Shares of NatWest Group moved up 4.6% on Monday after UBS lifted its earnings forecasts for the British bank. The upgrade followed solid fourth quarter results and better than expected capital generation.
UBS kept its buy rating on the stock. It also maintained a price target of 780p. That suggests a possible total return of around 40% from current levels. The broker raised its diluted earnings per share estimates by 5% for 2026, 4% for 2027 and 3% for 2028.
The fourth quarter numbers impressed analysts. Pre tax profit, excluding one off items and legal charges, came in 7% higher than market expectations. Net interest income was 3% above forecasts. Operating costs were in line with what analysts had predicted.
Loan impairments were much better than expected. They came in 30% lower than forecasts at 13 basis points of total loans. This suggests that borrowers are holding up relatively well.
UBS described the overall momentum at NatWest as strong. Loan growth and deposit growth both improved.
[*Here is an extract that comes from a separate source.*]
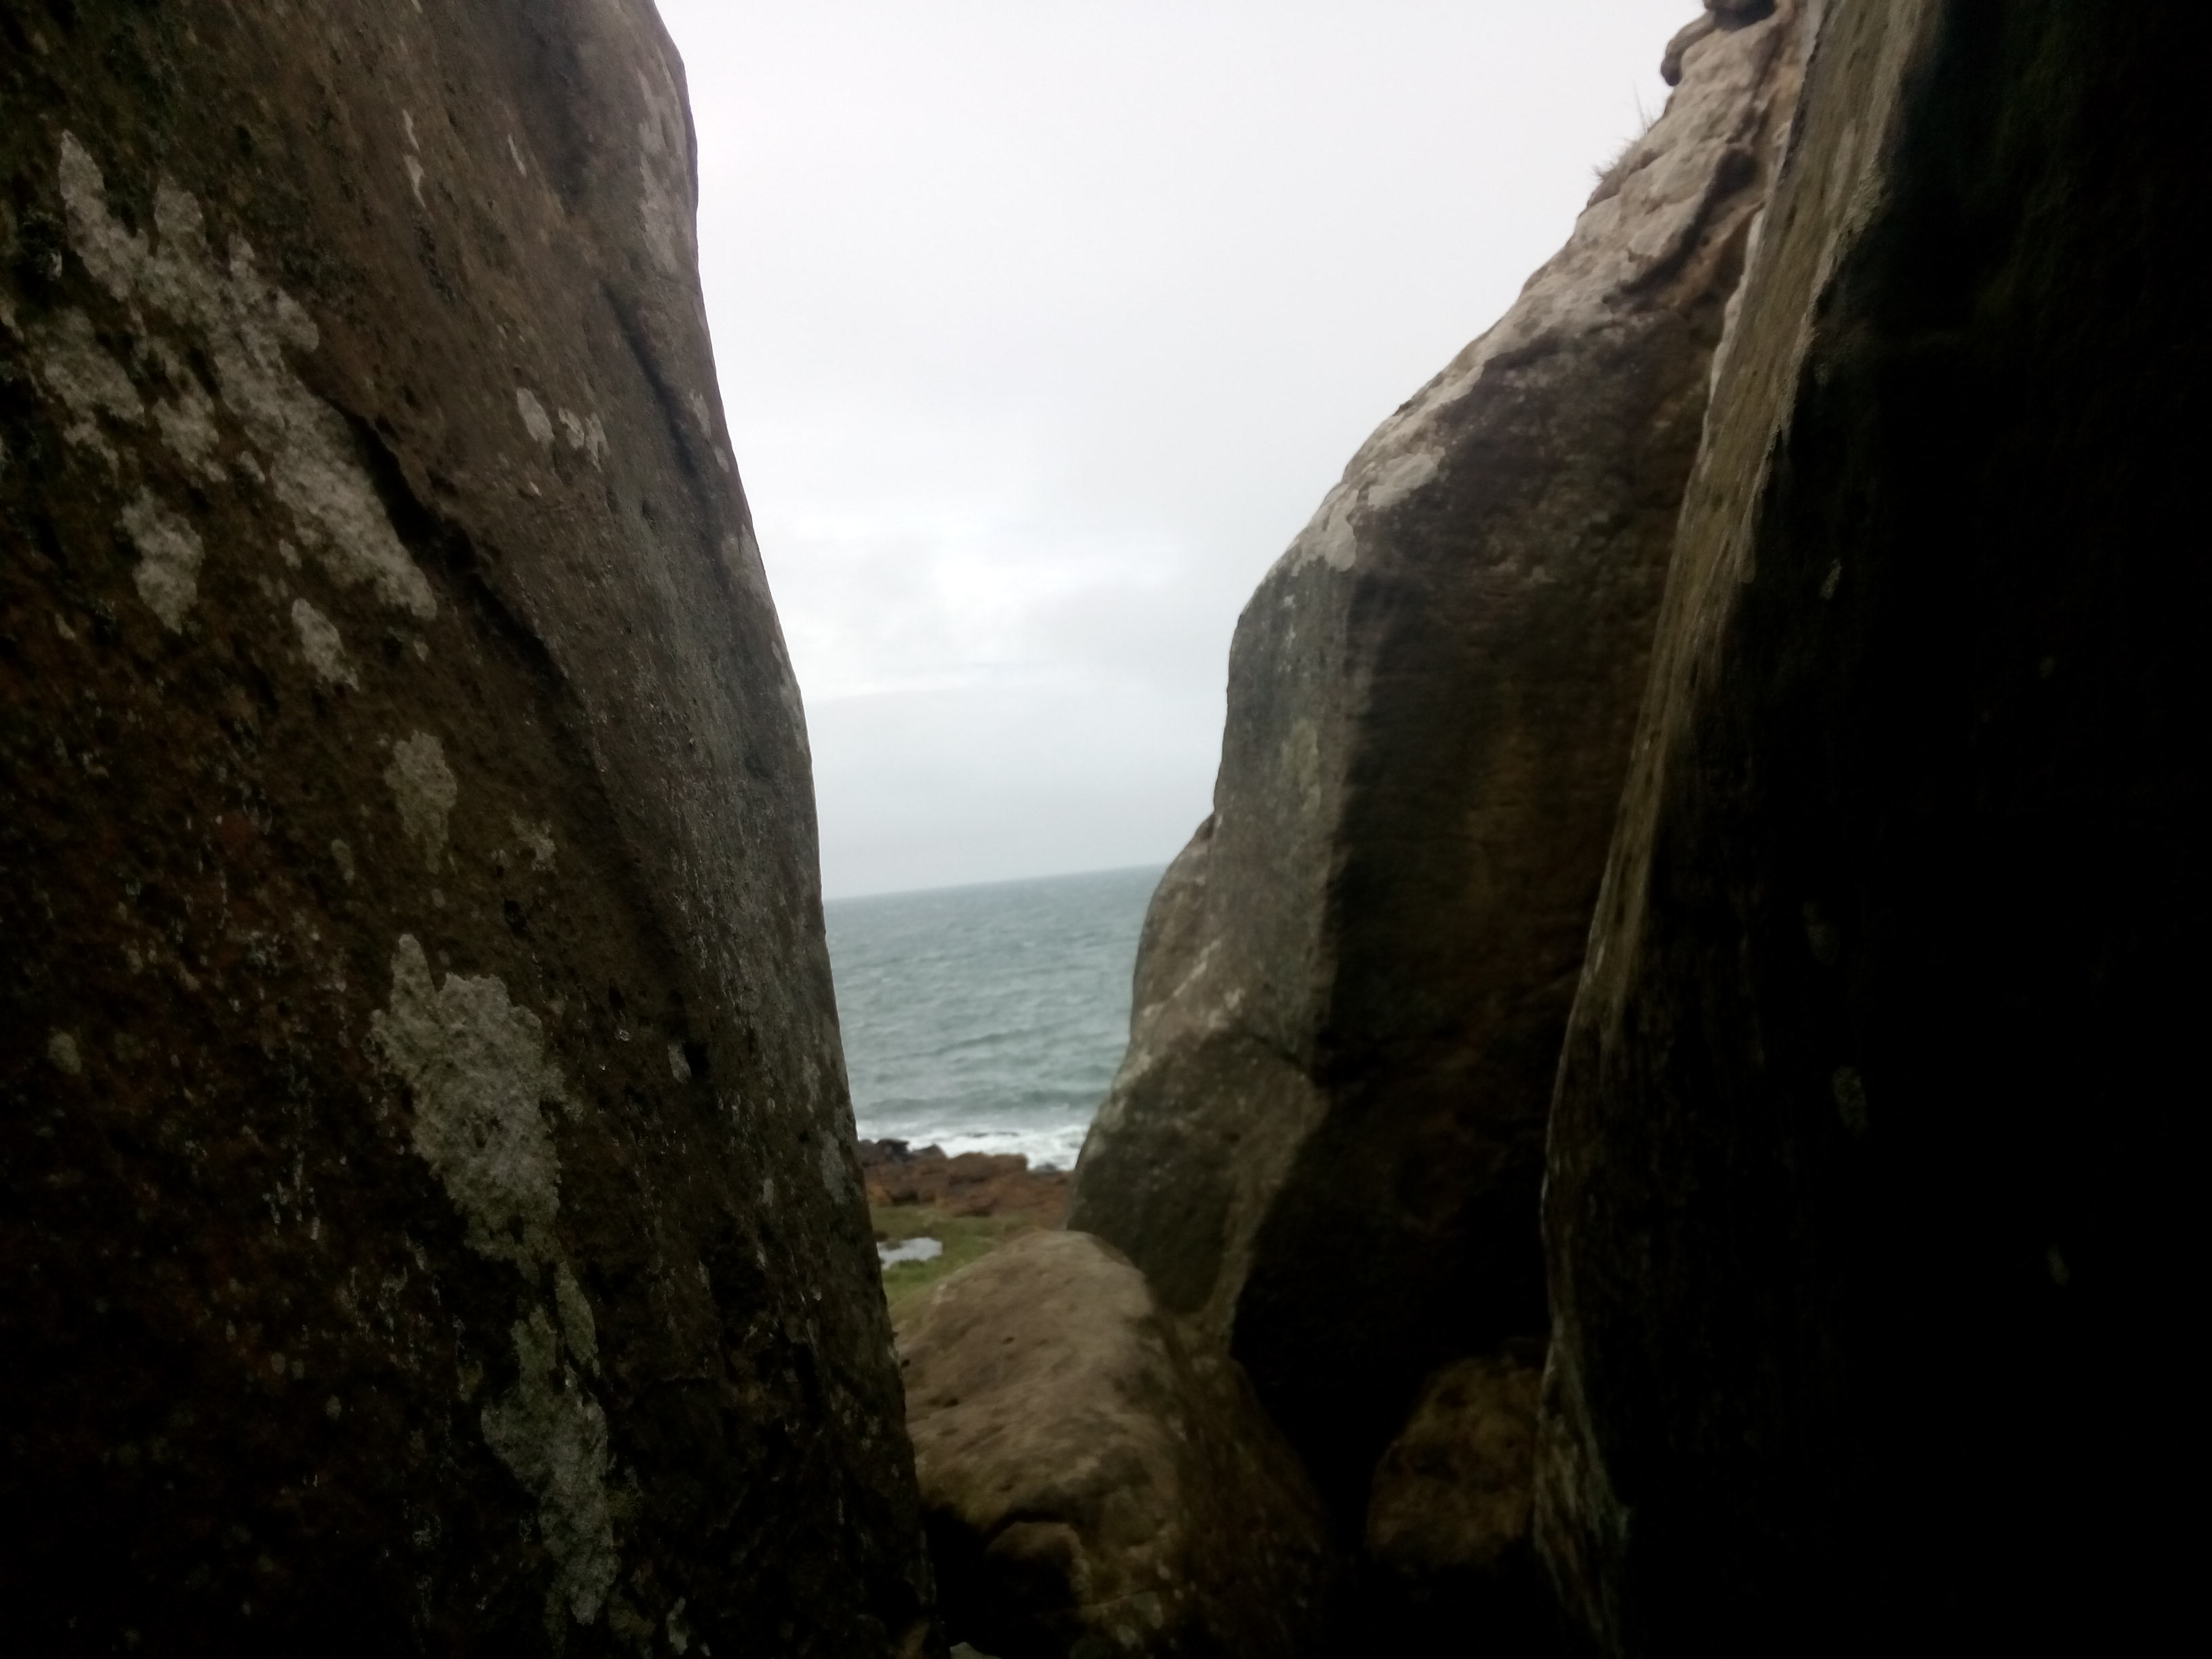 A view from between two large rocks, out to sea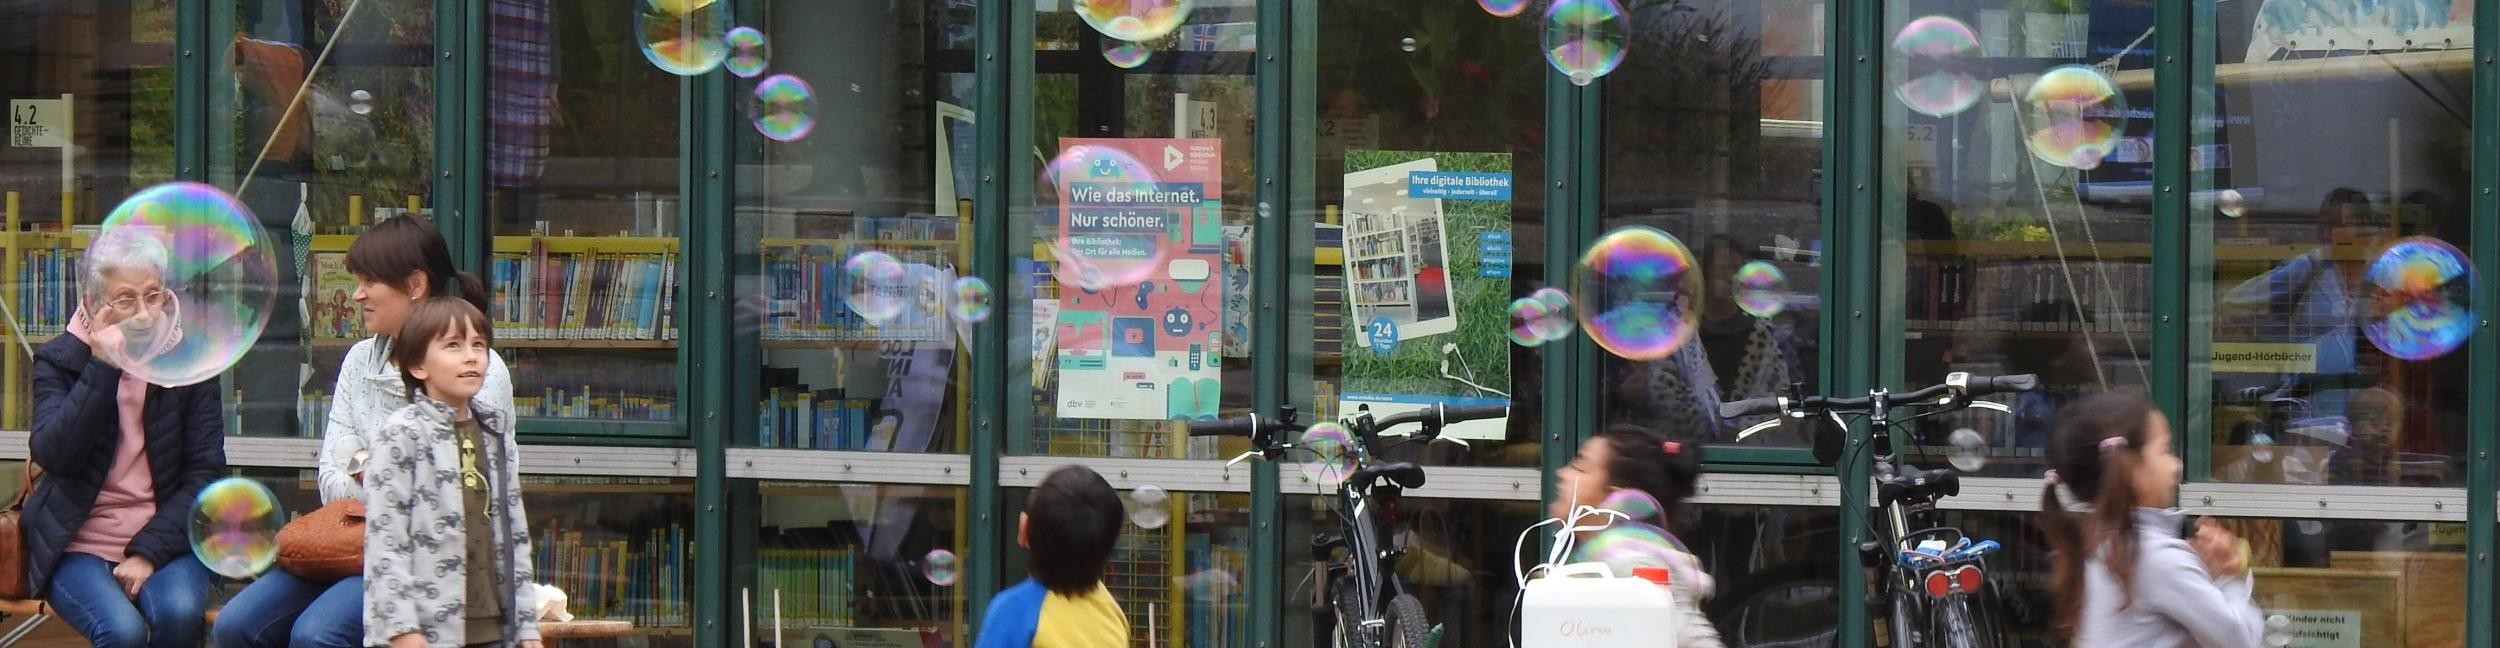 Children with soap bubbles in front of the library

Net interest margin also rose by 8 basis points. The market had expected only a 2 basis point increase.
The bank’s common equity tier 1 ratio stood at 14.0%. That was 30 basis points above consensus estimates. This figure already includes the £750 million share buyback announced alongside the Evelyn Partners deal.
Looking ahead, NatWest’s 2026 guidance is broadly in line with market expectations. Its new targets for 2028 are slightly more ambitious. UBS believes they imply around 2 to 3% upside compared to current forecasts and appear achievable.
The bank is aiming for a return on tangible equity above 18%. It also wants customer assets and liabilities to grow by more than 4% on a compound annual basis. Another goal is to keep its cost to income ratio below 45%. Over time, it plans to operate with a CET1 ratio of around 13.0%.
Overall, the latest results and upgraded forecasts have boosted confidence that NatWest is on a steady path of growth and improving returns.